### Given material
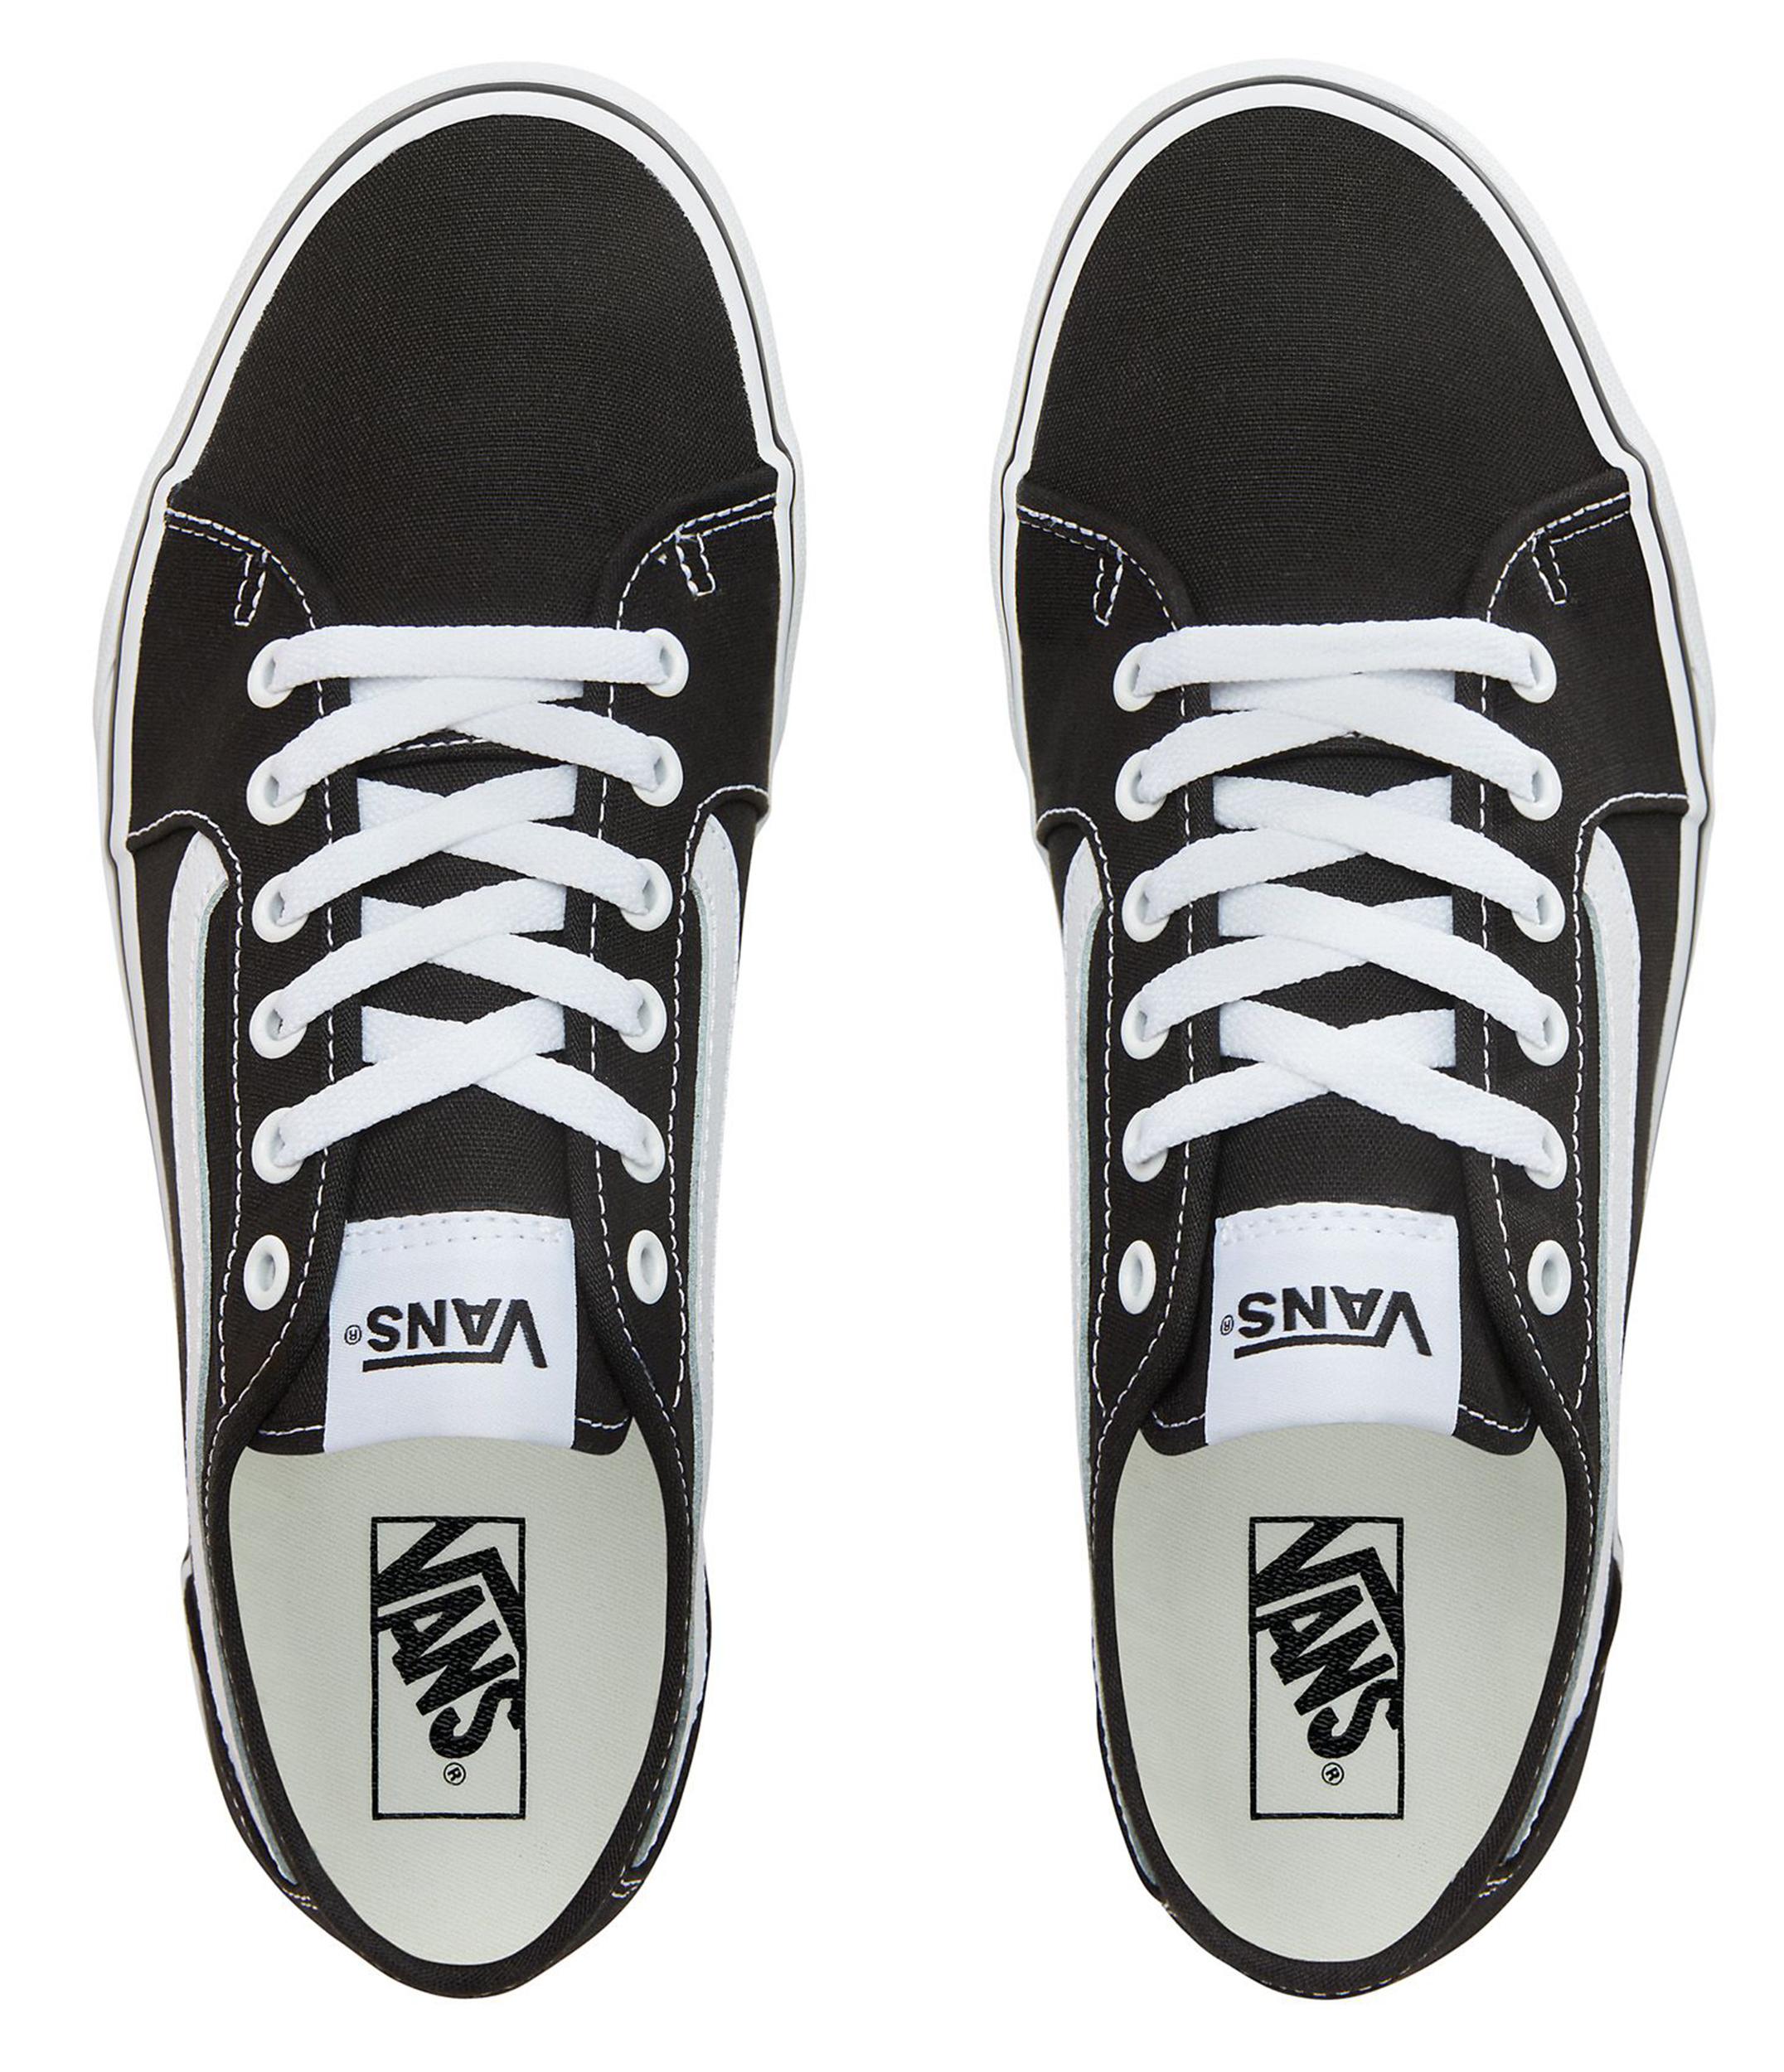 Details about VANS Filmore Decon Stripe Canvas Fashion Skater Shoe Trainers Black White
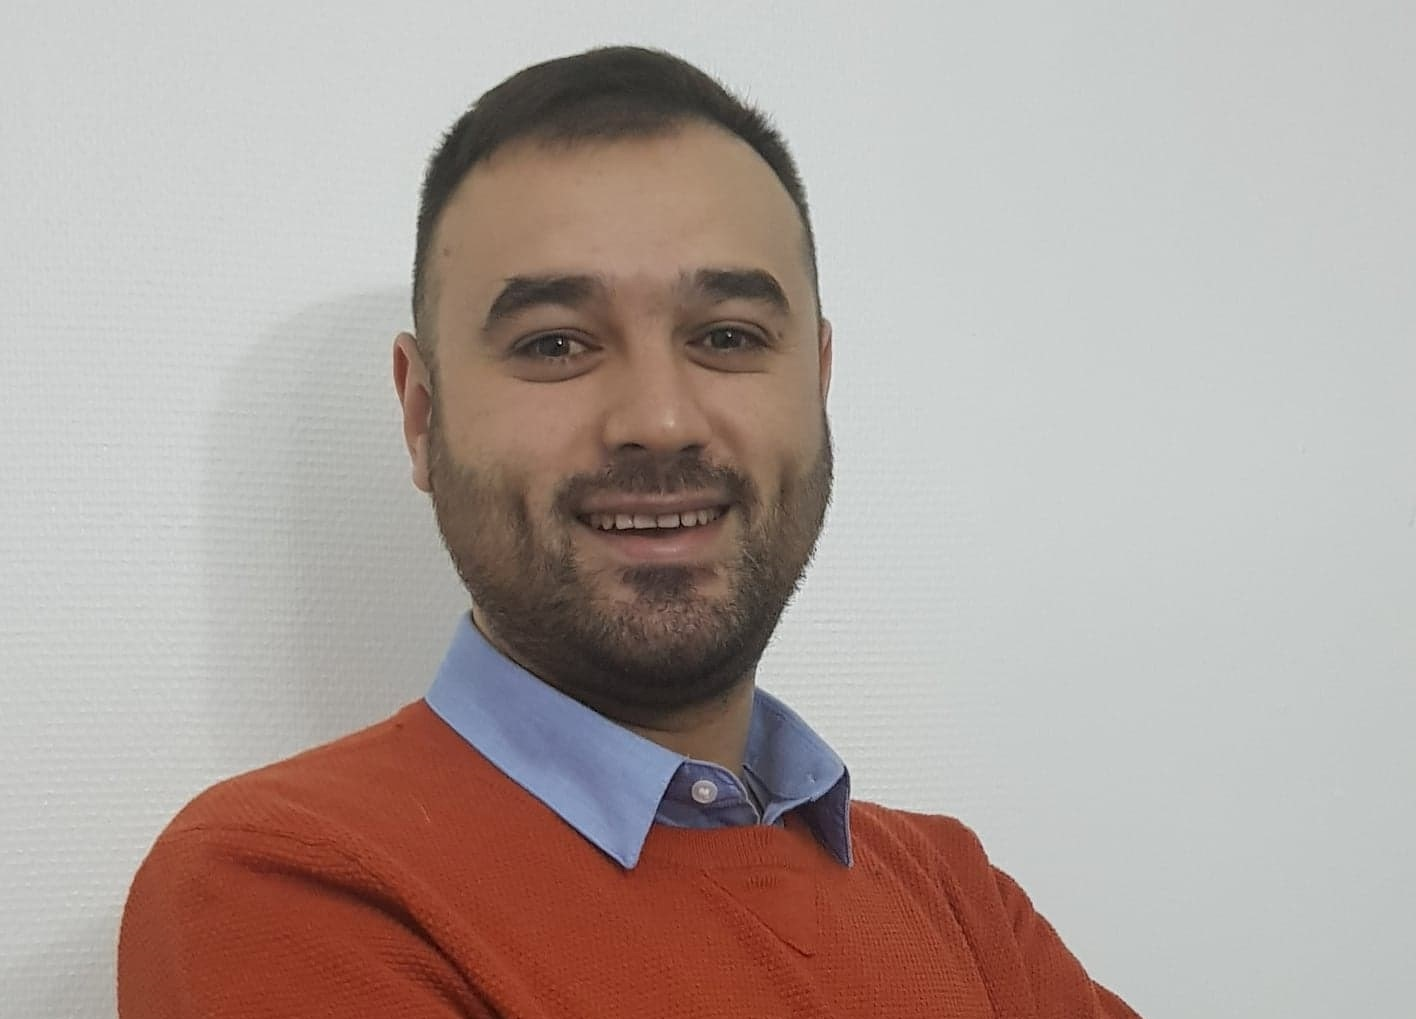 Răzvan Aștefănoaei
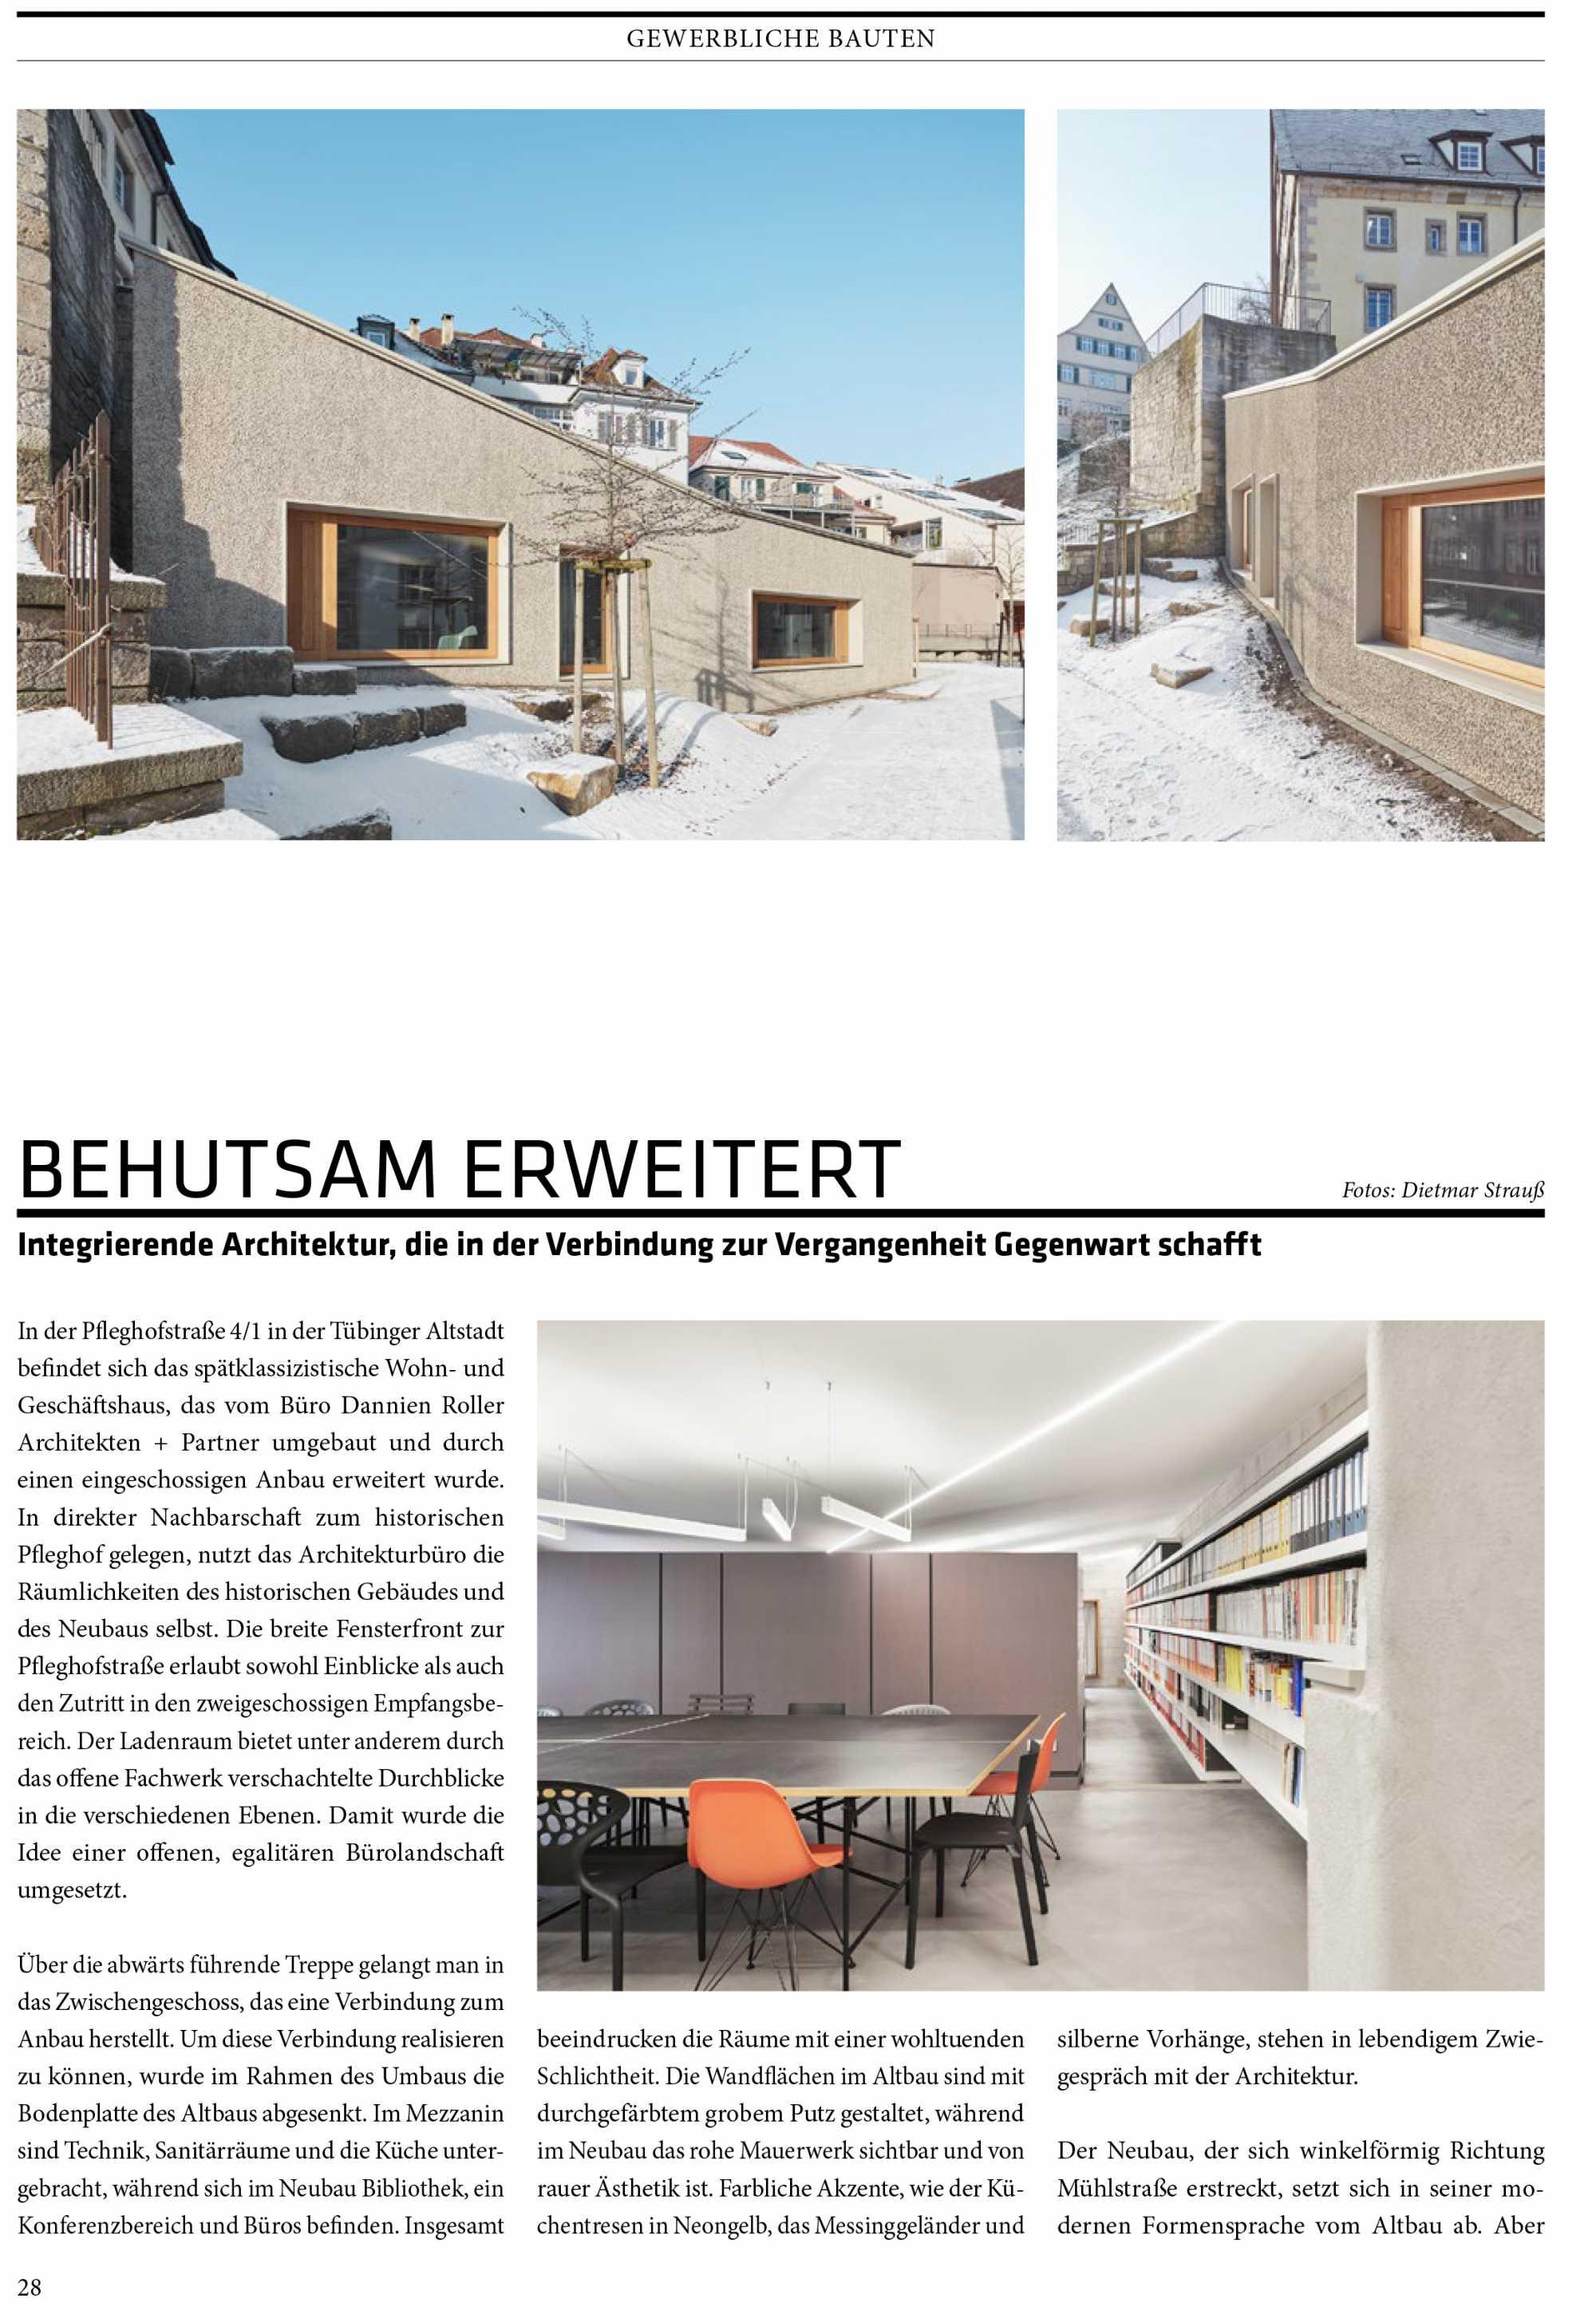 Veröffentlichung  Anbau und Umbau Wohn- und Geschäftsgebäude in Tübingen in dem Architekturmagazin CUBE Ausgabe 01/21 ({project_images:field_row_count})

### Task brief
Print the listing above in full, exactly as written. Omit any pictures.

### Answer to the problem
 Details about VANS Filmore Decon Stripe Canvas Fashion Skater Shoe Trainers Black White
 Răzvan Aștefănoaei
 Veröffentlichung  Anbau und Umbau Wohn- und Geschäftsgebäude in Tübingen in dem Architekturmagazin CUBE Ausgabe 01/21 ({project_images:field_row_count})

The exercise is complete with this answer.